While the gentrification of Walthamstow Village continues apace with the addition of a wine bar (I'm not complaining), it was nice last weekend to be able to enjoy one of E17's long-lasting attractions, the Vestry House Museum.
The Vestry's current exhibition harks back to the former life of the building as a workhouse. Created in the early eighteenth century to reduce the burden on tax-payers of 'outdoor relief' (subsidies to the poor for rent and food), workhouses were built to provide an often permanent home for those not able to provide for themselves (as well as single-mothers, ostracised by religiously inspired prejudice).
The regime in Walthamstow was apparently relatively benign, at least compared with the near-slavery of other institutions. Nevertheless, the Vestry committee had to be over-hauled in 1779 when Churchwarden, Alexander Dalmahoy, was found to be spending “far beyond moderation” on fine food to make more pleasant the difficult meetings he held to determine how much gruel and stale bread should be doled out to the workhouse inmates.
Walthamstow itself was still a village in this era, although its population had swollen to nearly 3,000 by 1800 as rich Londoners built themselves country houses just outside the capital, and created hundreds of servile jobs in the process. We are going through a different phase of wealth moving into the area at the moment, but as this pernicious Tory government continues to destroy universal welfare provision, it doesn't seem entirely ridiculous to imagine a new era of the workhouse.
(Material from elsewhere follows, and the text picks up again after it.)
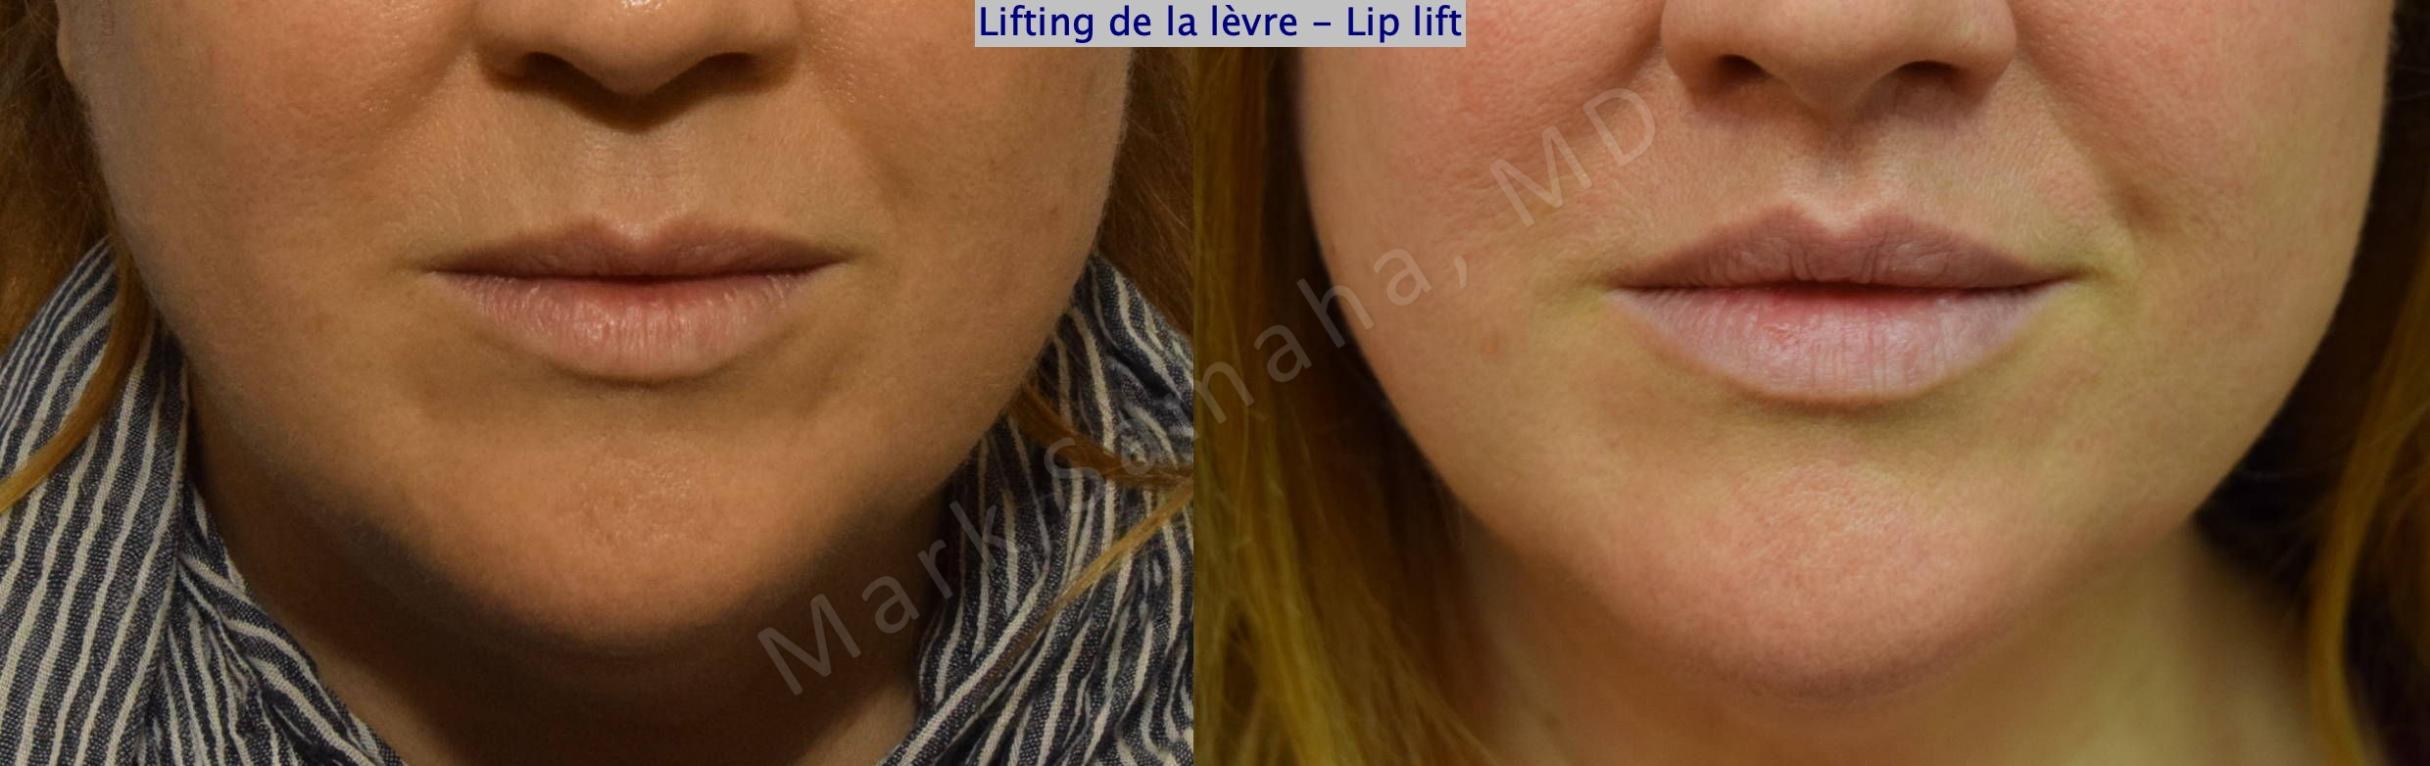 Before & After Lifting de la lèvre supérieure / Lip Lift  Case 173 Front View in Mount Royal, QC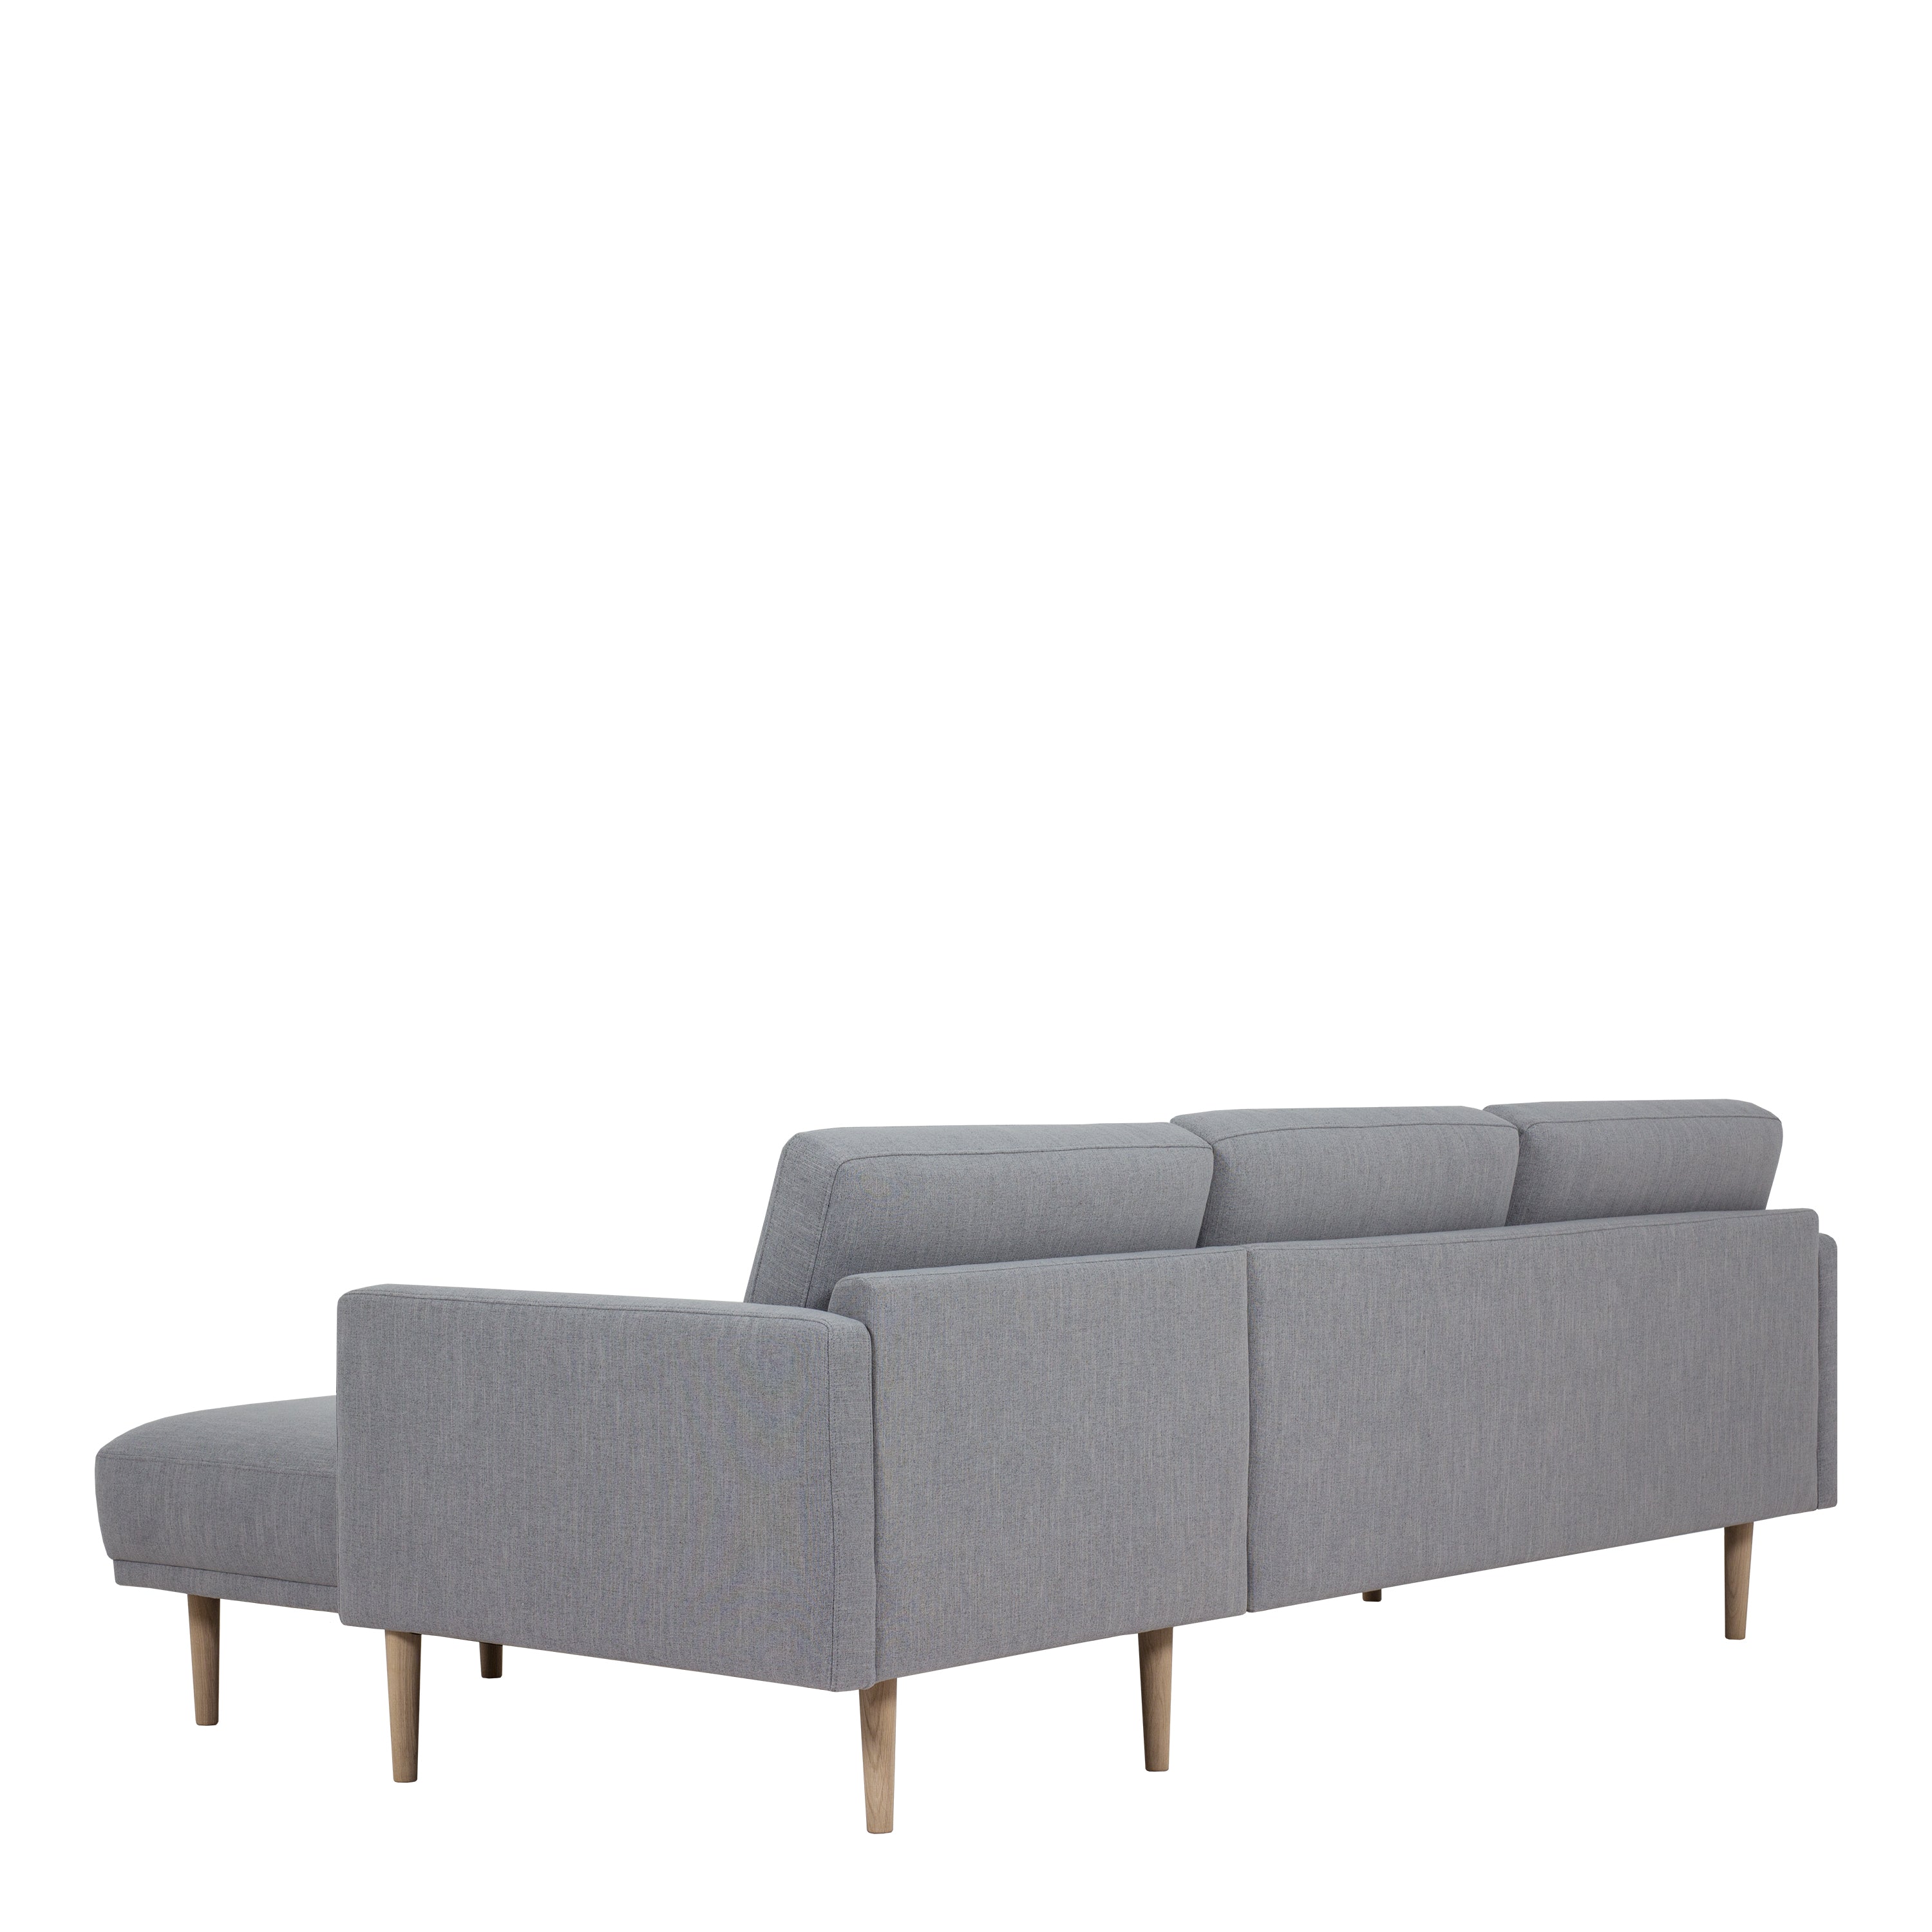 Larvik Chaiselongue Sofa (RH) - Grey, Oak Legs

There's no sign of that on Orford Road, however, and so after our little mid-afternoon educational trip my Dad and I repaired to In Vino Veritas to enjoy a refreshing glass of Chianti (me) and a chalky little sauvignon (him). Relaxed by the friendly service and the prospect of now being able to purchase decent wine on my doorstep, we recalled the experiences of my great aunt Elsie, who was employed in a post-war workhouse in Newport, just as the welfare state was being created that did away with such institutions and gave my parent's the opportunity to be the first in their families to benefit from a university education. How lucky we are.